Insisting that the entire board resign so that Olympus could start anew (as was the case with Nomura Securities around 1997), is also the better alternative from Japan's standpoint. Such corporate malfeasance, and the reaction of large domestic shareholders as well as regulators to it, is having a visible negative impact on the health of Japan's capital markets. The Livedoor scandal in 2006 was the trigger for a large exodus of individual investors and foreign investors from small cap stocks that the JASDAQ and Mothers markets in Japan have yet to recover from.
The points that Mr. Woodford makes about board responsibility and director independence reflect the views of the Asian Corporate Governance Association and other major non-Japanese institutional investors. Increasingly, these investors are coming around to the view that they need only invest in those listed Japanese companies that have global standard corporate governance.
10 years ago, it made no difference what foreign investors thought, but foreign ownership of Japanese equities now at 27% (the largest single owner group) and accounting for 60%~70% of TSE trading volume, and foreign investors are now key to the health of Japan's capital markets. On the other hand, domestic institutional investors, the so-called friendly shareholders that Japanese companies have depended upon, have become structural net sellers of Japanese equities, meaning that the once-over-easy-and-sweep-it-under-the-rug response to such cases in the interest of avoiding public embarrasment is becoming detrimental not only to Japan's international reputation, but to the health of its capital markets as well as its pension system and financial institutions.

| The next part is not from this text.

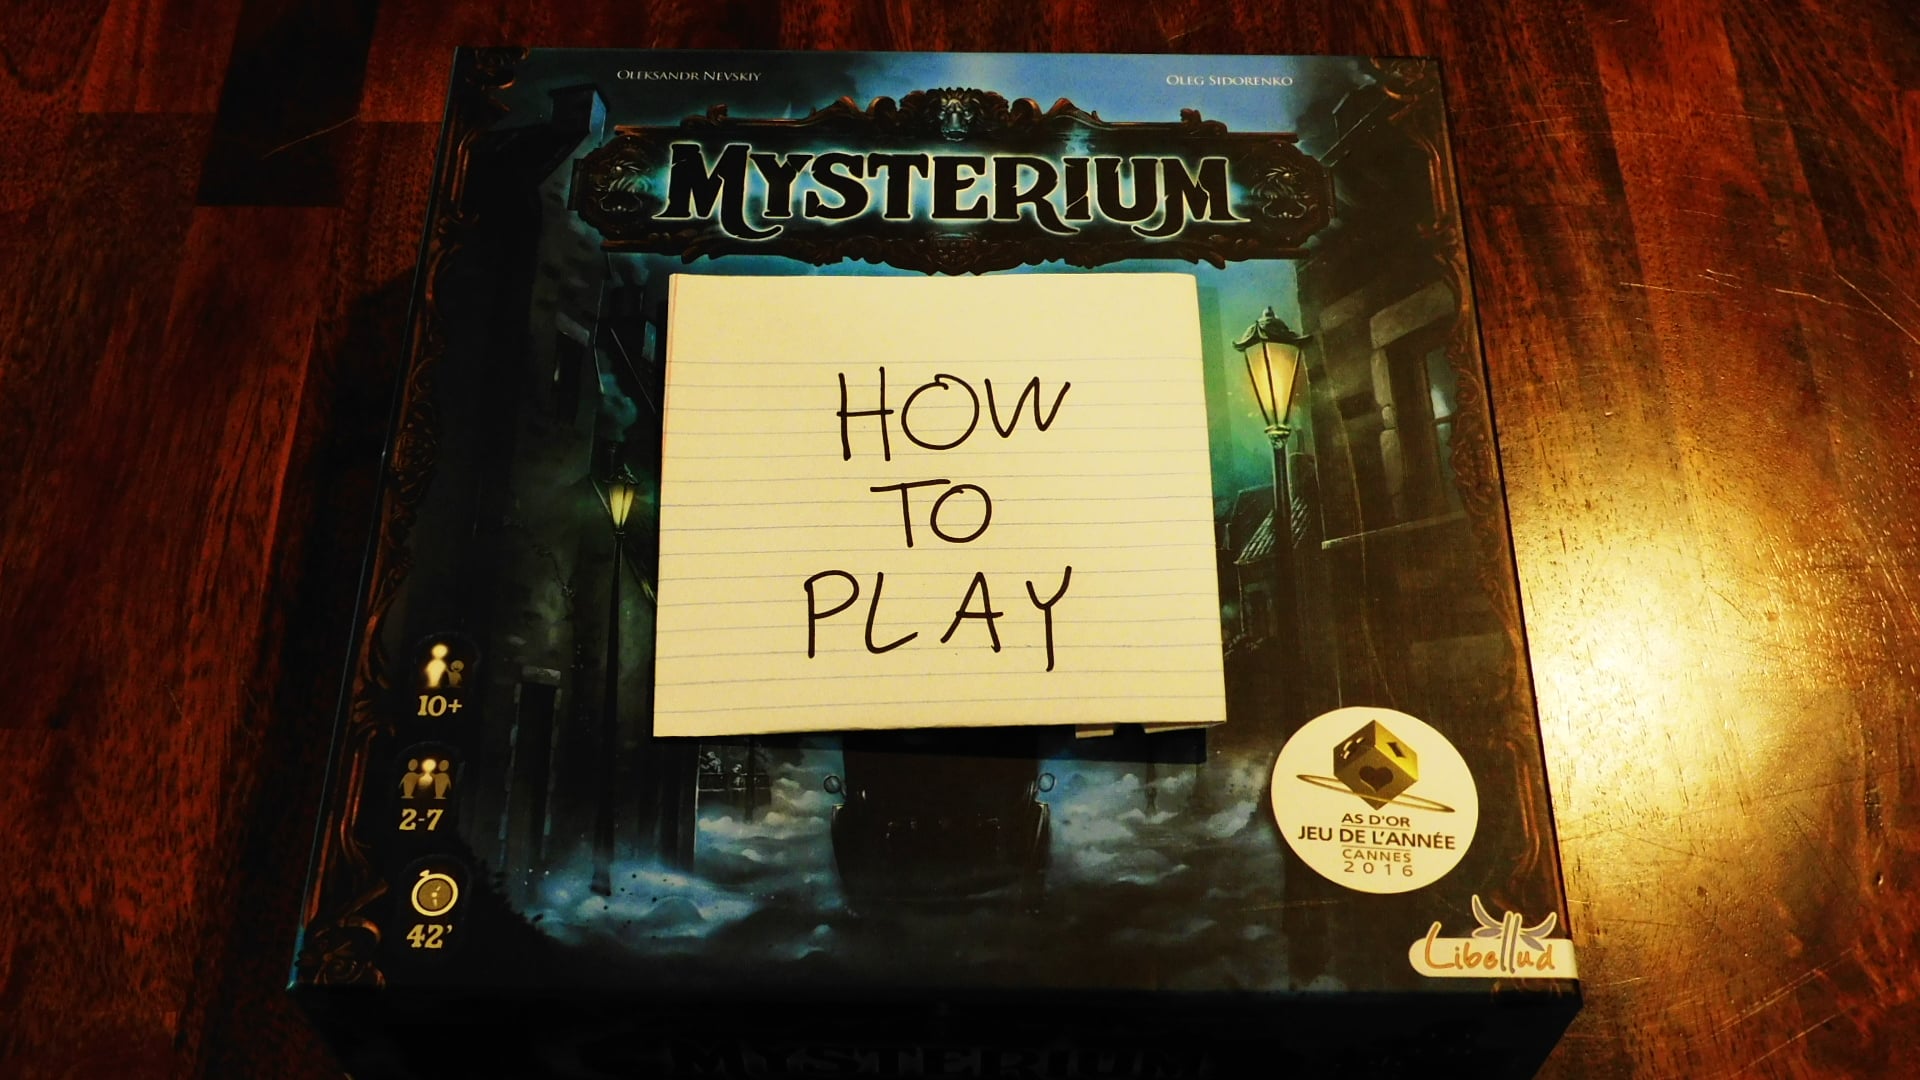 The Mysterium game box with "How To Play" written on a piece of paper on it.

Mulboyne wrote:I don't know the answer to that but I would doubt he did.
legion wrote:Easy to be wise in retrospect but perhaps he would have solved the issue more effectively if he'd sounded out his major shareholders first and worked out an objective, strategy and some tactics with them. He kind of reminds me of Gordon Brown announcing he was going to sell the UK's gold bullion and thus losing the advantage of surprise.
They could have probably engineered easing off the board members one by one, then making an announcement that they had found accounting "mistakes" and were rectifying them, coming out of it looking honest as a company as a whole.
Mike Oxlong wrote:Is it possible that, though he may not have been CEO material, he was brought in as a patsy, and managed to (perhaps inadventently) turn the tables on those who set him up to fail?
damn name wrote:Looking through the lens of the retrospectoscope, quietly going to the authorities through a proxy, while building an alliance of influential board members and major stockholders might have been a strategy that worked.